In lieu of flowers we asked that donations be made to Home for Good Dog Rescue. A month later, I got a call from HFGDR’s founder. She said thousands of dollars had poured in, all donations in memory of Alice.

“That’s what she would have wanted,” I said. I told the woman how Cubby never left Alice’s side during her illness. “We feel so fortunate to have adopted a dog with a heart like his. He obviously came from a loving family.”

“Loving family?” She paused. “Cubby was one day away from being euthanized when we picked him up. He was severely malnourished. He didn’t trust anyone and cowered whenever we approached. It took his foster family weeks to get him well enough for adoption.”

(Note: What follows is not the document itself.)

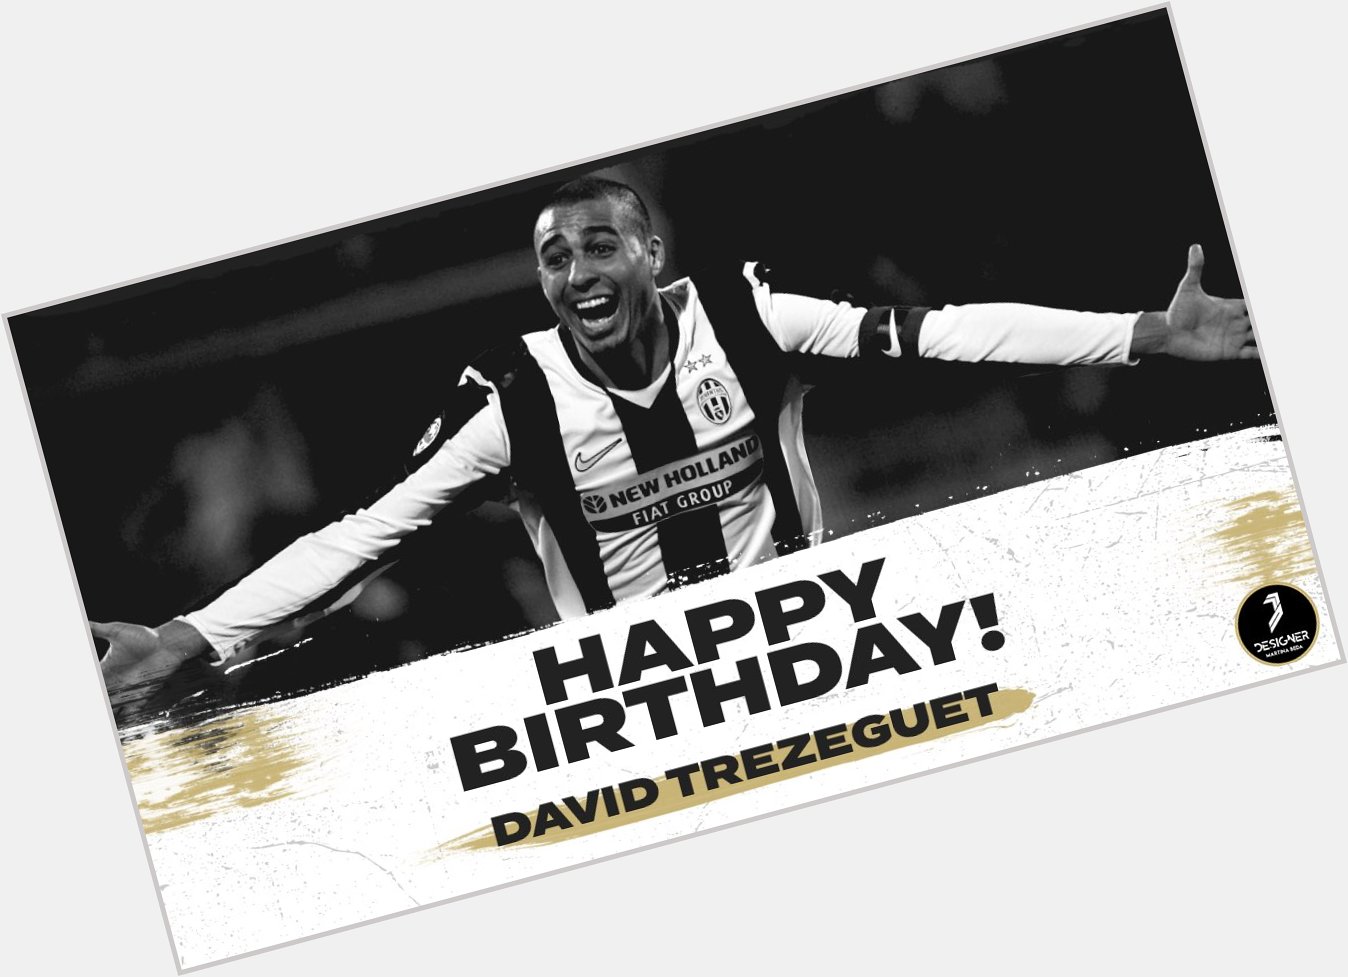 Happy birthday legend David Trezeguet

I looked at Cubby, lying at my feet. I knew it was no accident he’d been given a second chance. He was meant to join our family, to love and comfort my wife in a way only he could.

And not only Alice.

With the girls away at school, it’s just Cubby and me. At night, when I’m ready to turn in, he bolts upstairs ahead of me and jumps on Alice’s side of the bed.

Once I’m settled in bed, he’ll lie with his paw touching me or his head on Alice’s pillow. He stays there until I fall asleep, and he’s back on the bed again when I wake up in the morning, those soulful brown eyes looking into mine.

I feel like he’s telling me, I know you get sad and lonely without Alice. I miss her too. But we have each other. That’s what she wanted.

The dog I didn’t want is the dog I can’t imagine living without.